References to Sacks’s “celibacy” crop up in news stories in the mid-1990s after the publication of his 1995 book “An Anthropologist on Mars” — with no reference to Sacks’s sexual orientation. Some of Sacks’s comments are, more or less, heartbreaking.

“I’ve been alone and celibate for so long I can’t imagine it otherwise,” he told the Daily Mail in 1995.

“He is still unmarried (and celibate) at 61 and says he is not likely to change,” London’s Evening Standard wrote that same year. “He visits his analyst twice a week and the baby gorillas in Central Park zoo daily.”

Sacks’s abstention was practically part of his authorial image.

“Diffident, celibate, disastrously absent-minded and accident-prone; a hippy who was into drugs, bikes and body-building in 1960s California; now a professor of neurology in New York,” the Guardian wrote in 2001. “Many of his readers must have wondered what makes him tick.”

This logjam seemed to break just three years ago.

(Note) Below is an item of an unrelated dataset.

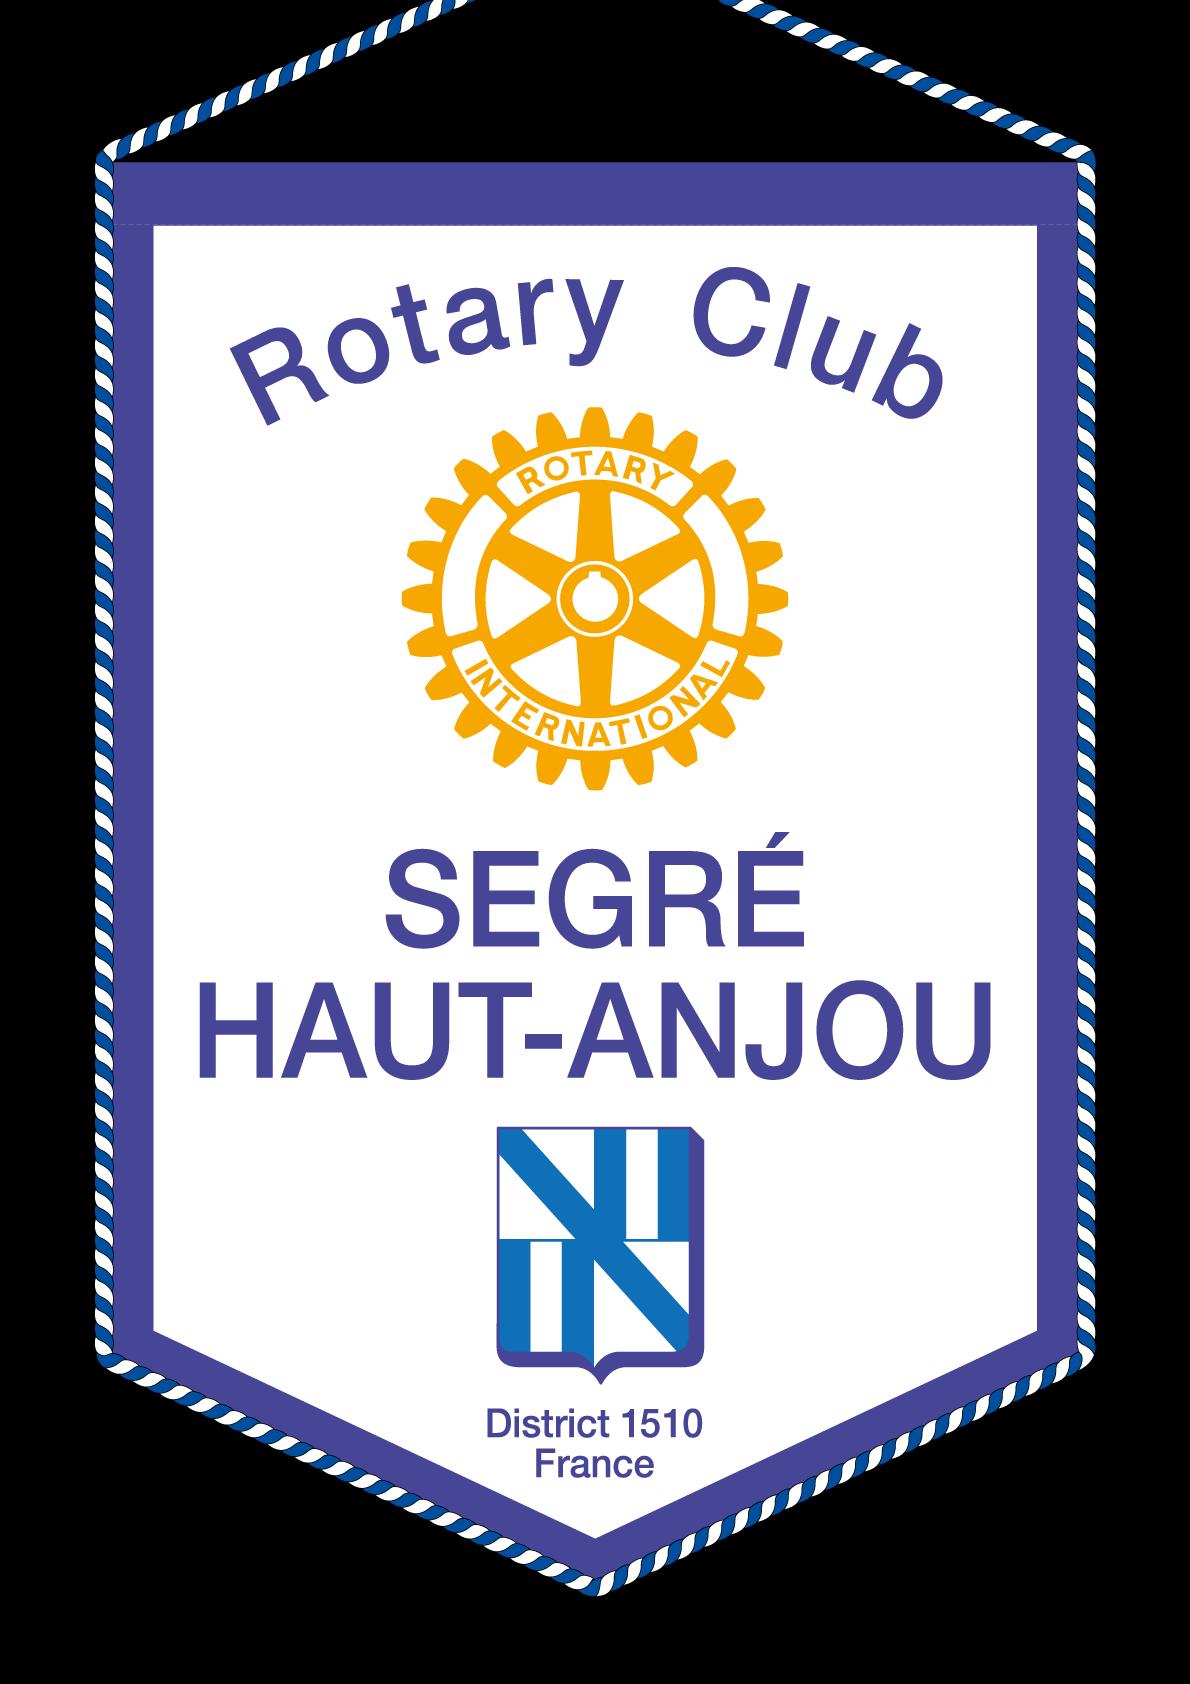 FANION ROTARY CLUB SEGRE HAUT ANJOU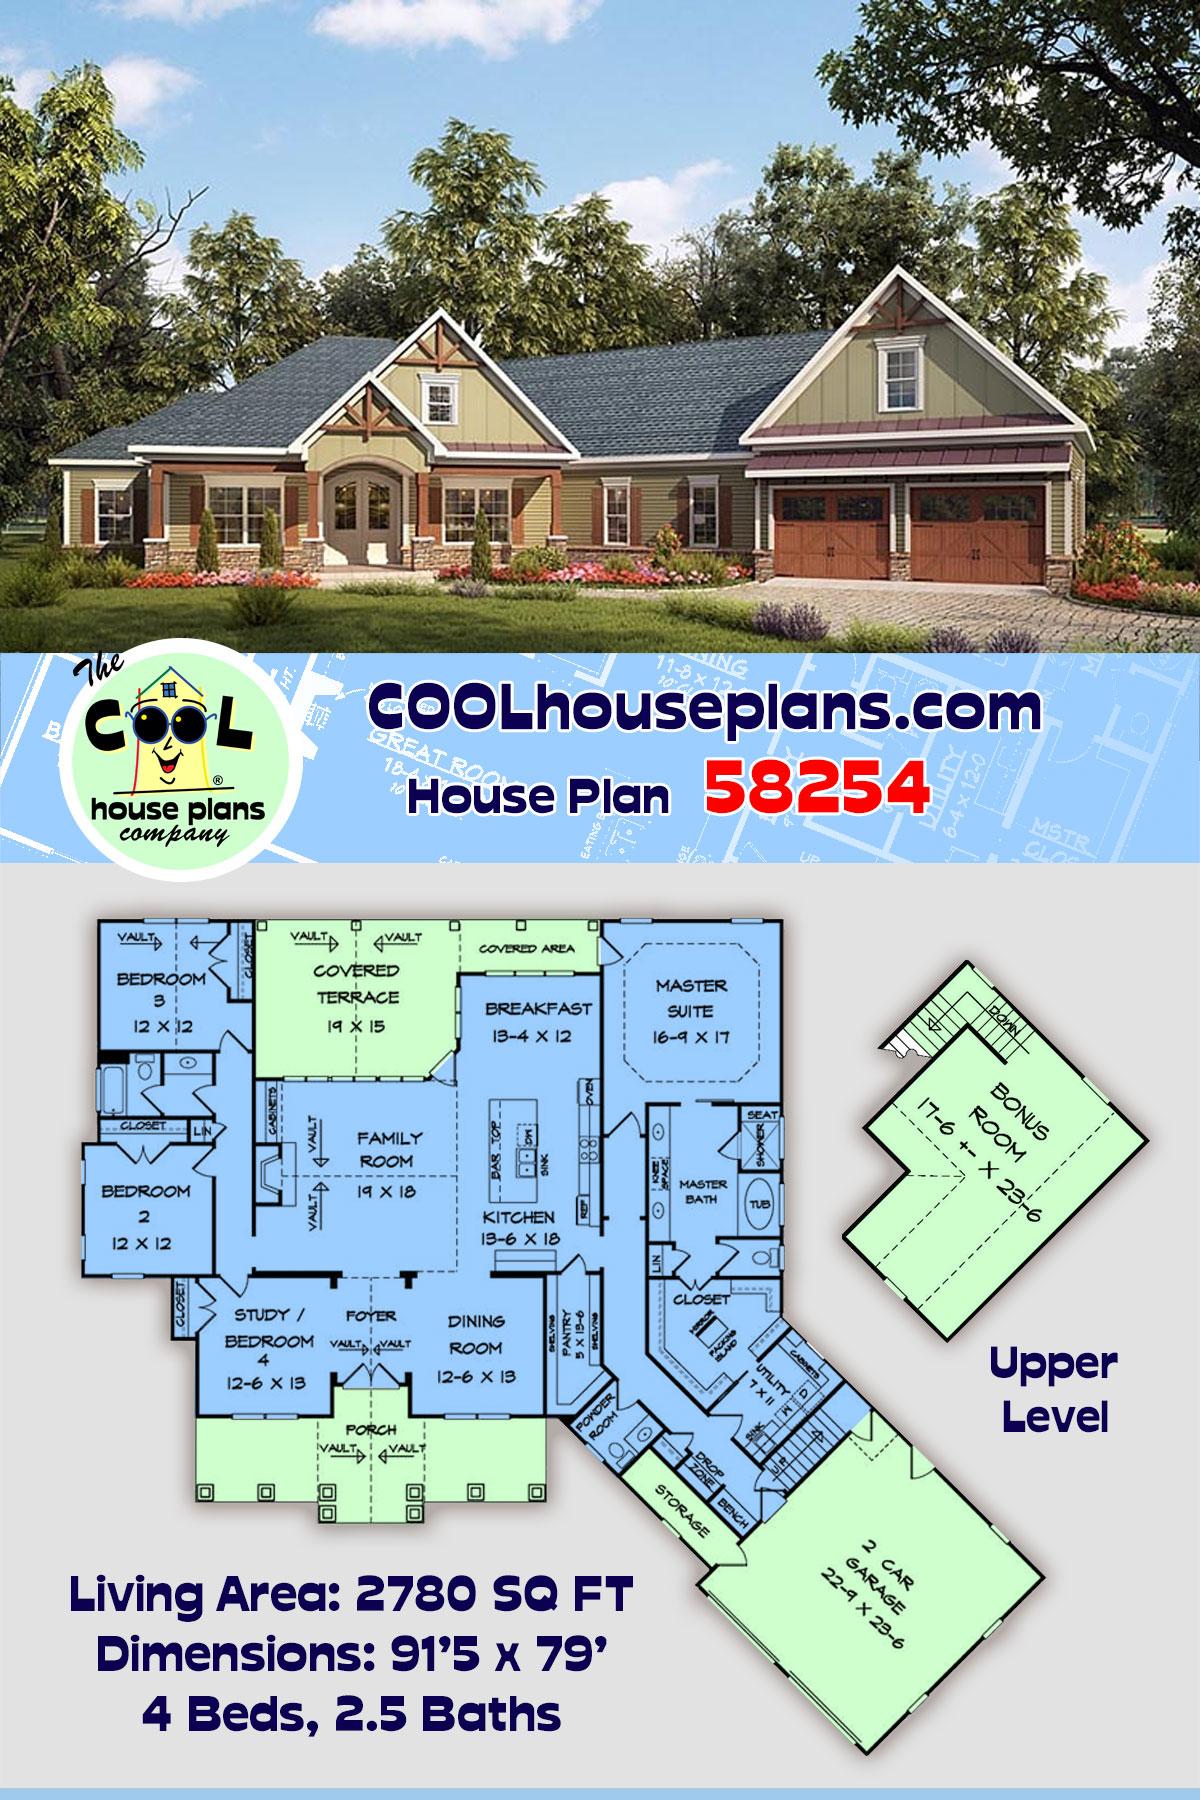 Craftsman House Plan 58254 with 4 Beds, 3 Baths, 2 Car Garage

In Sacks’s 2012 book “Hallucinations,” there was a passing reference to a decades-old “a love affair … gone sour.” New York magazine called this “what might be the first reference in his work to his own romantic life.”

Sacks also offered another mournful quote to the magazine.

“I lived alone, I’ve always lived alone,” he said. “I am, I believe the phrase is — one speaks of people as being ‘married to their work.’ ”

One friendly reader thought this strange. It seemed like Sacks was gay. Why wasn’t he saying so?

“Oliver Sacks is a remarkably appealing and admirable figure,” the commenter wrote. “It seems impossible to ignore the obvious implication conveyed by the description of his history (Thom Gunn, motorcycles, leather, San Francisco sexual awakening) that he is gay, if celibate in later years. I wonder why this was not touched on explicitly.”

Yet it wasn’t until this year, as Sacks faced a terminal cancer diagnosis, that his memoir appeared and the truth came out. His celibacy had ended when, at 77, he began a relationship with author Bill Hayes, described in passing in his New York Times obituary as “his partner of six years.”

When writing about this late love affair in “On the Move,” Sacks seemed happy — and ready to make up for lost time in the little time that remained.

“It has sometimes seemed to me that I have lived at a certain distance from life,” he wrote. “This changed when Billy and I fell in love.”